Example: If the backup rate is set to 15 breaths per minute, the ventilator waits up to 4 seconds (60 ÷ 15), and if no patient’s trigger is detected, a backup breath will be delivered!
The actual RR is either equal to or higher than the backup rate, but never lower! This is important when trying to adjust the backup RR. Let’s say the backup rate is 14 and the patient is breathing at 20 breaths/min; there is no point here if you increase the backup rate to 16 because the actual RR is already higher!
Take a look at this ventilator screen, see the set backup rate at 18 while the actual RR on the top is 28. Increasing the backup rate will not have any impact unless it becomes higher than the actual RR.
The actual RR at the top is 28, while the backup RR is at the bottom set at 18. The pieces of information at the top are a live transmission of the actual reading. Values at the bottom are the set values.
The values at the bottom of the picture are the set values that we provide, while those at the top are the actual live values!

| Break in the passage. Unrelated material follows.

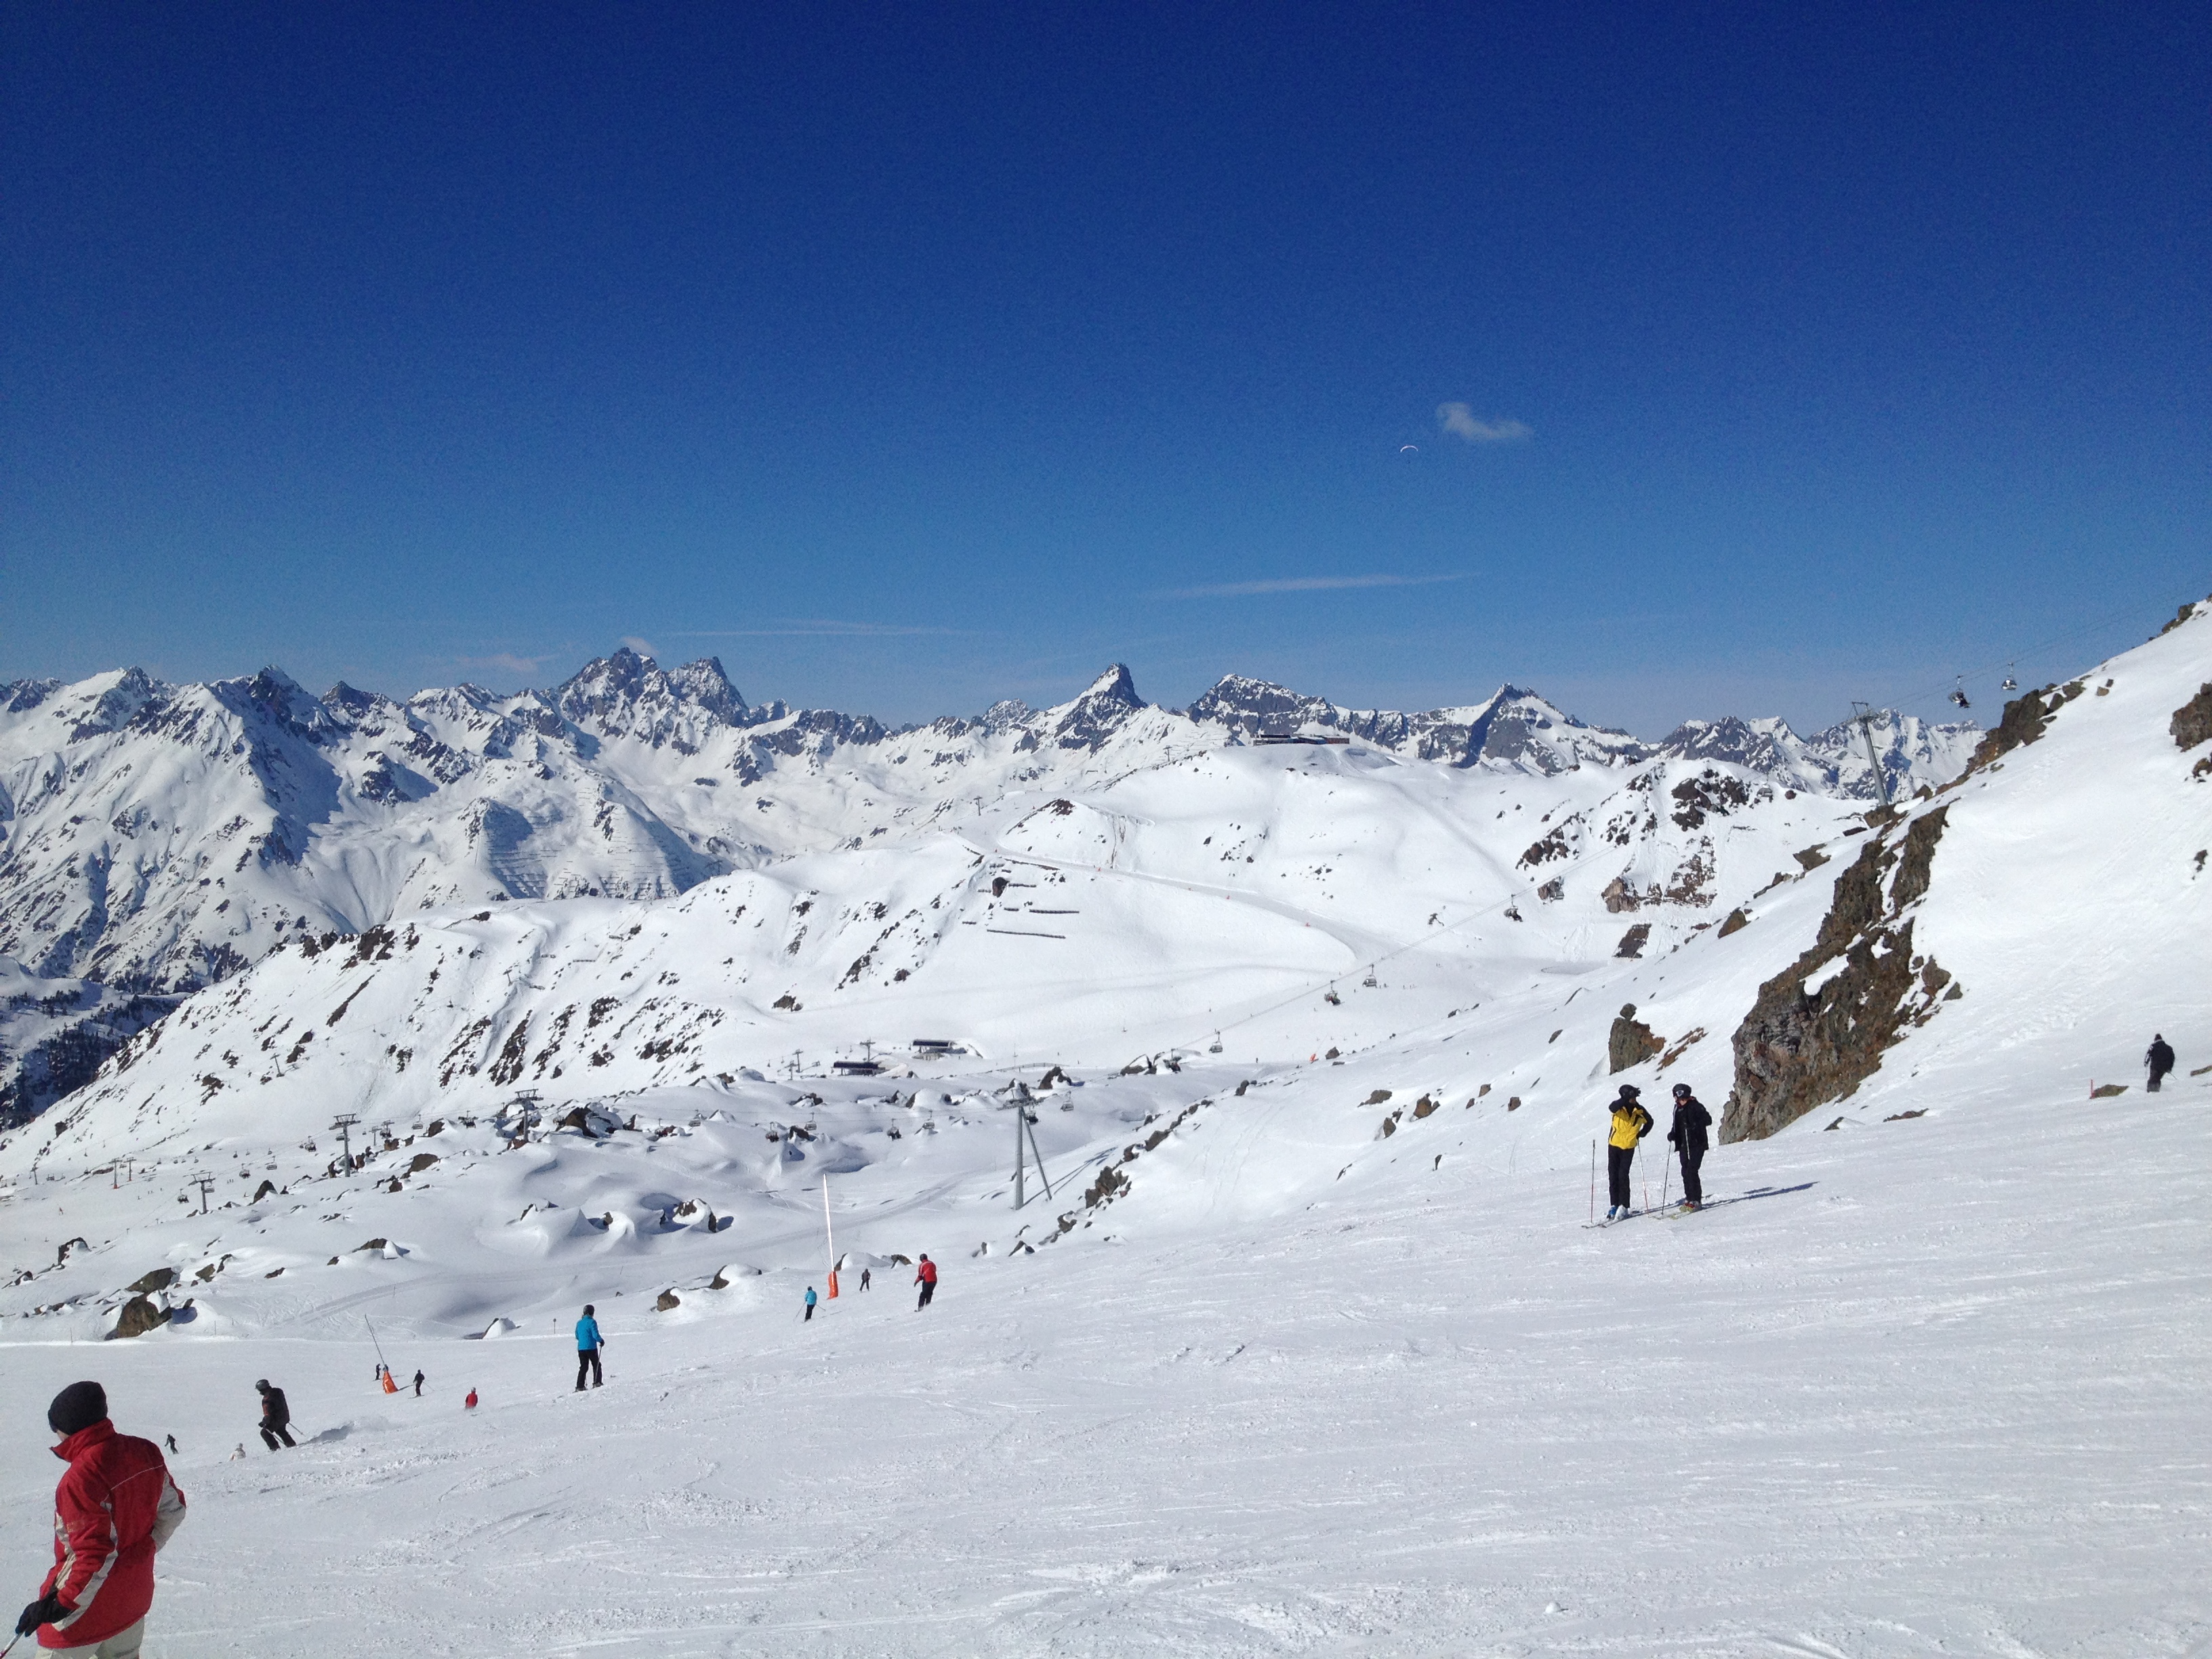 Looking down to Idalpe, Ischgl

The ventilator tries to fulfill the set values or close to them (See the set TV is 500, but the actual one is 524).
Back to the trigger, how does the ventilator detect the patient’s trigger?
In spontaneous breathing, the patient generates negative pressure in the alveoli, which creates a suction effect that pulls air in. When the patient is intubated and connected to a ventilator, this same effort draws air through the circuit, and that’s how the ventilator knows it’s time to assist.
Take a look at the ventilator circuit picture below: you’ll notice two limbs connected to the endotracheal tube (ETT)—the inspiratory limb, which carries air from the ventilator to the patient (often passing through a humidifier), and the expiratory limb, which returns air from the patient back to the machine.
When the patient is not making any effort, air flows equally through both limbs. When the patient initiates a breath, he pulls some air from the inspiratory limb into his lungs, reducing the flow returning through the expiratory limb. The ventilator senses this imbalance and interprets it as an inspiratory effort and will go ahead and assist the patient with that breath. This is called a flow trigger.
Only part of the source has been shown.